Гость поклонился опять так же церемонно и сел на стул.
– Позвольте представиться, отец Петр Мысловский, Казанского собора протоиерей, здешних заключенных духовный отец и, смею сказать, – друг, чем и хвалюсь, ибо достойнейших людей дружбой и похвалиться не грех.
«Шпион, зубы заговаривает!» – подумал Голицын и вгляделся в него: рост огромный, сложенье богатырское; сановит, благообразен; великолепная рыжая борода с проседью: такие мужики бывают пятидесятилетние; и лицо мужицкое, грубоватое, но доброе и умное; маленькие, закрытые с боков нависшими веками, треугольные щелки глаз, с тем выражением двойственным, которое часто бывает у русских людей: простота и хитрость.
– Ну а когда же казнь? – спросил Голицын, глядя на него в упор.
– Какая казнь? Чья?
– Моя. А какая, вам лучше знать: расстреляют, повесят или отрубят голову?
– Что вы, князь, бог с вами! – замахал на него руками Мысловский. – Вот вам крест, – хоть и не подобает, крестом иерея клянусь, – ни о каких казнях никто и не думает. Да будто вы не знаете, что смертная казнь отменена по законам Российской империи?
Голицын еще не верил, но так же как вчера, когда миновала пытка, сердце у него захолонуло от радости.
– Казни нет, а пытка есть? – продолжал глядеть на него в упор.

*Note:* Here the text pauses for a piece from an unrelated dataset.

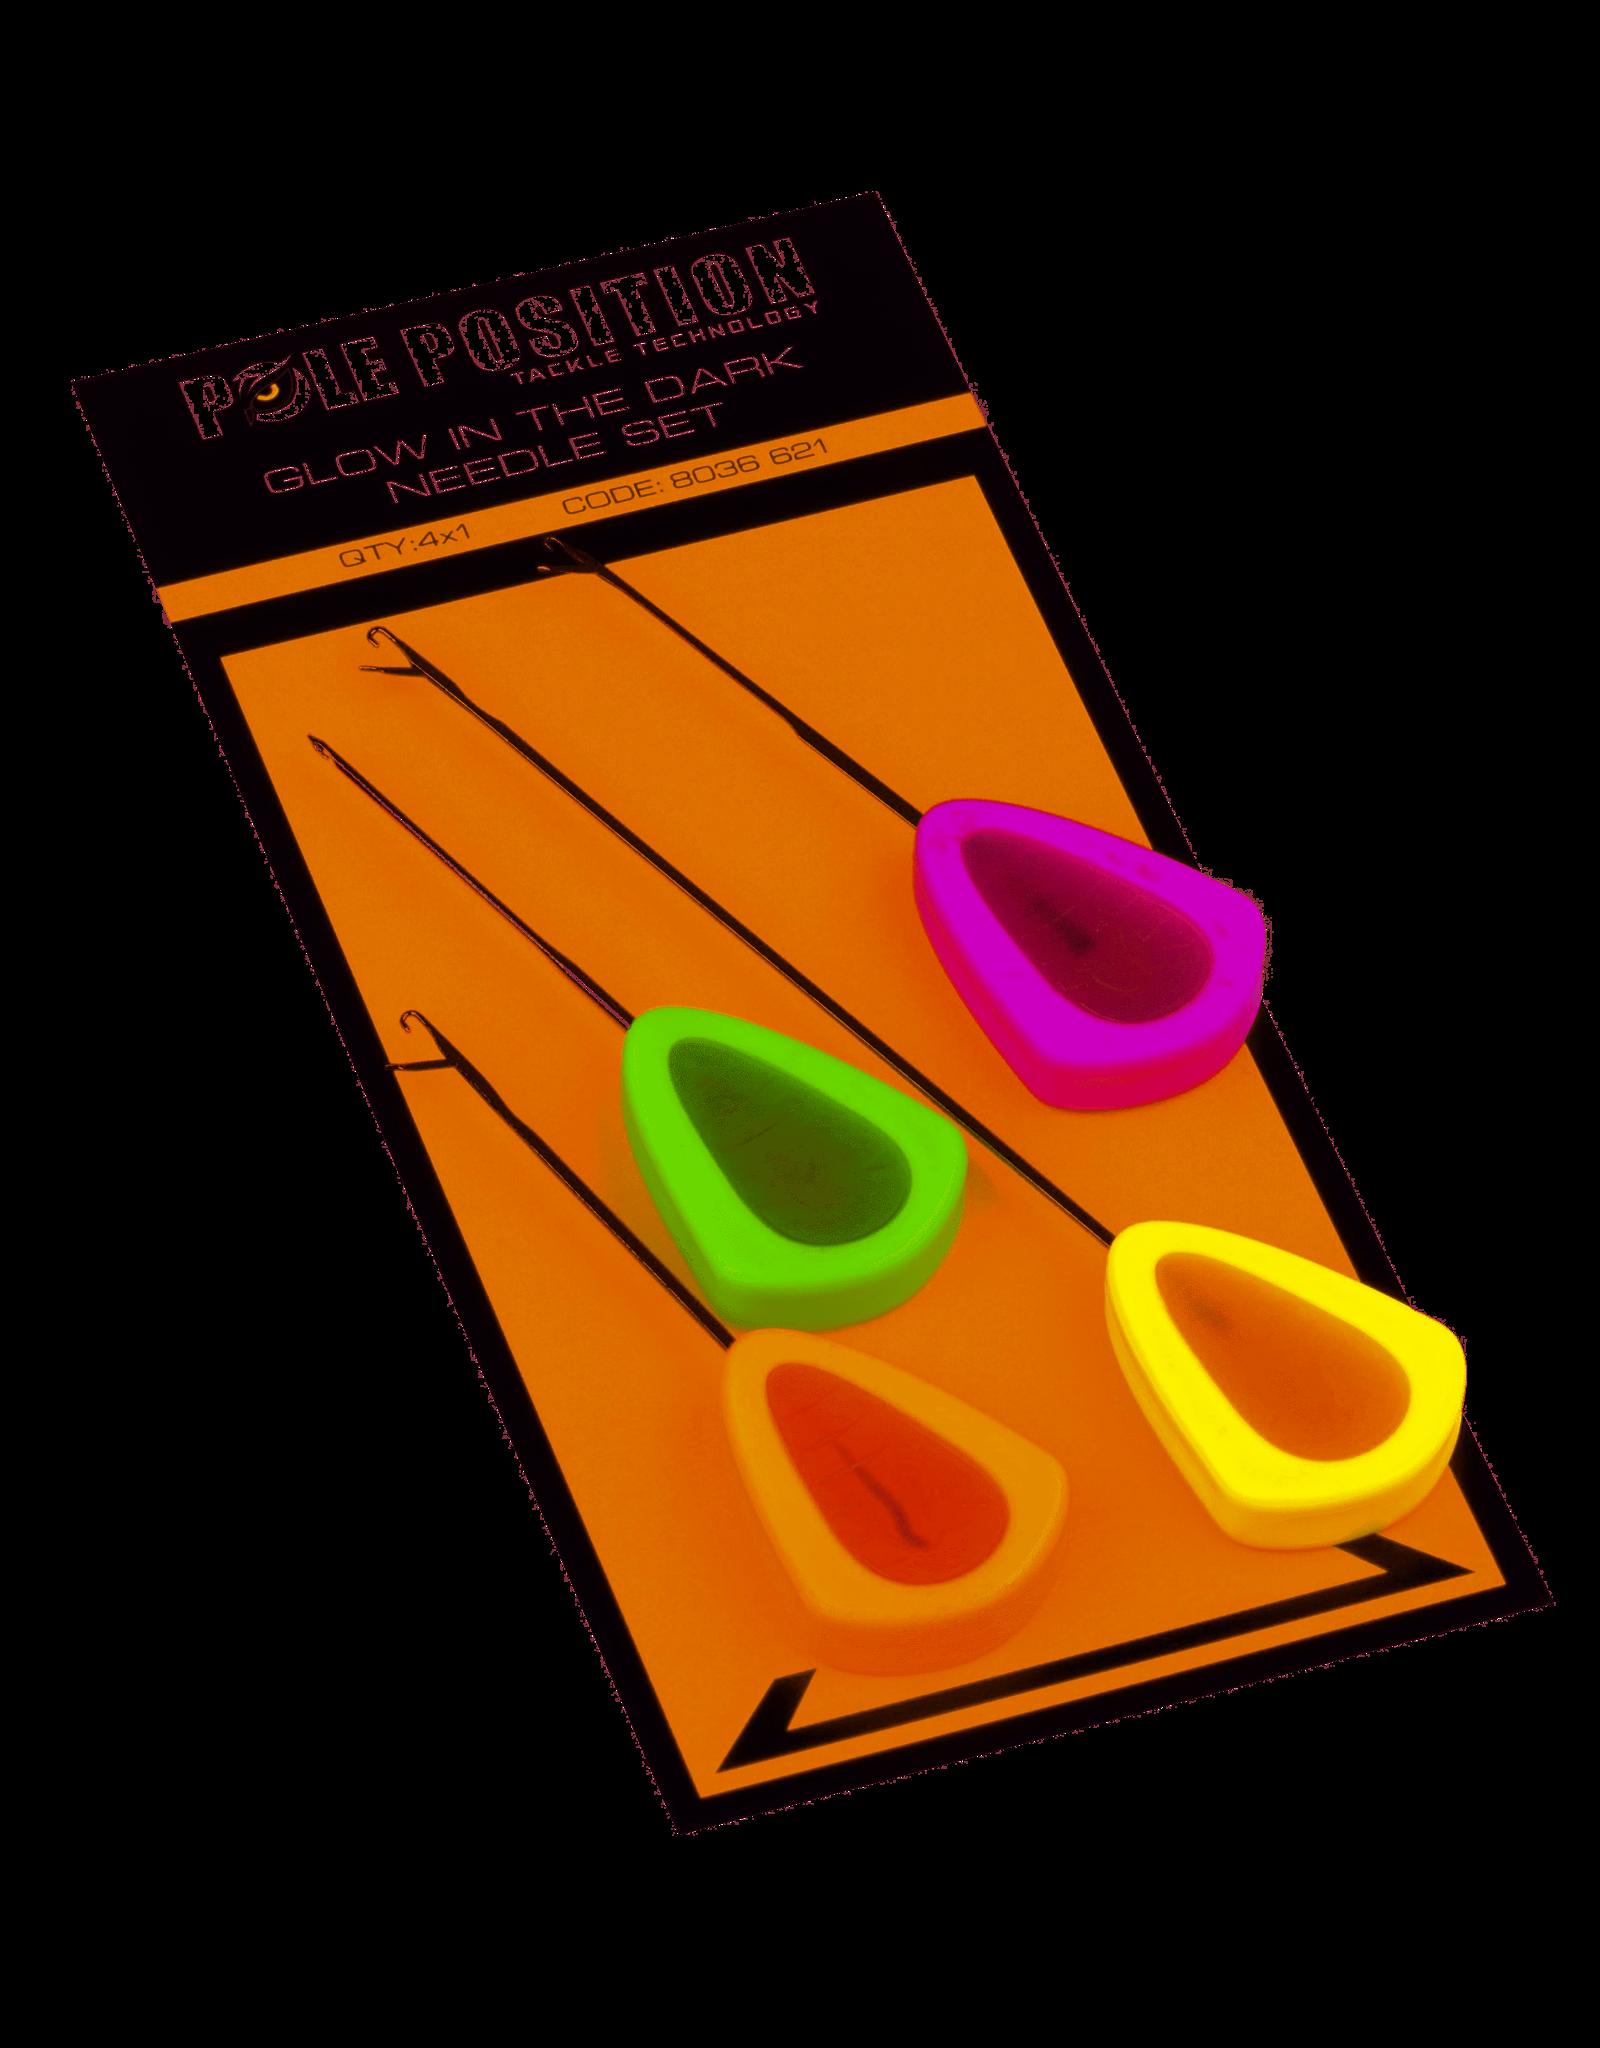 STRTG Strategy Glow in The Dark Needle Set

– В девятнадцатом веке, в христианском государстве, после златых дней Александровых, пытка! – покачал головой отец Петр. – Ах, господа, господа, какие у вас нехорошие мысли; извините-с; прямо скажу, недостойные, неблагородные! Вам же добра желают, а вы себя и других мучаете. Не хотите понять, с кем дело имеете. Да если бы только вы знали милость государя неизреченную…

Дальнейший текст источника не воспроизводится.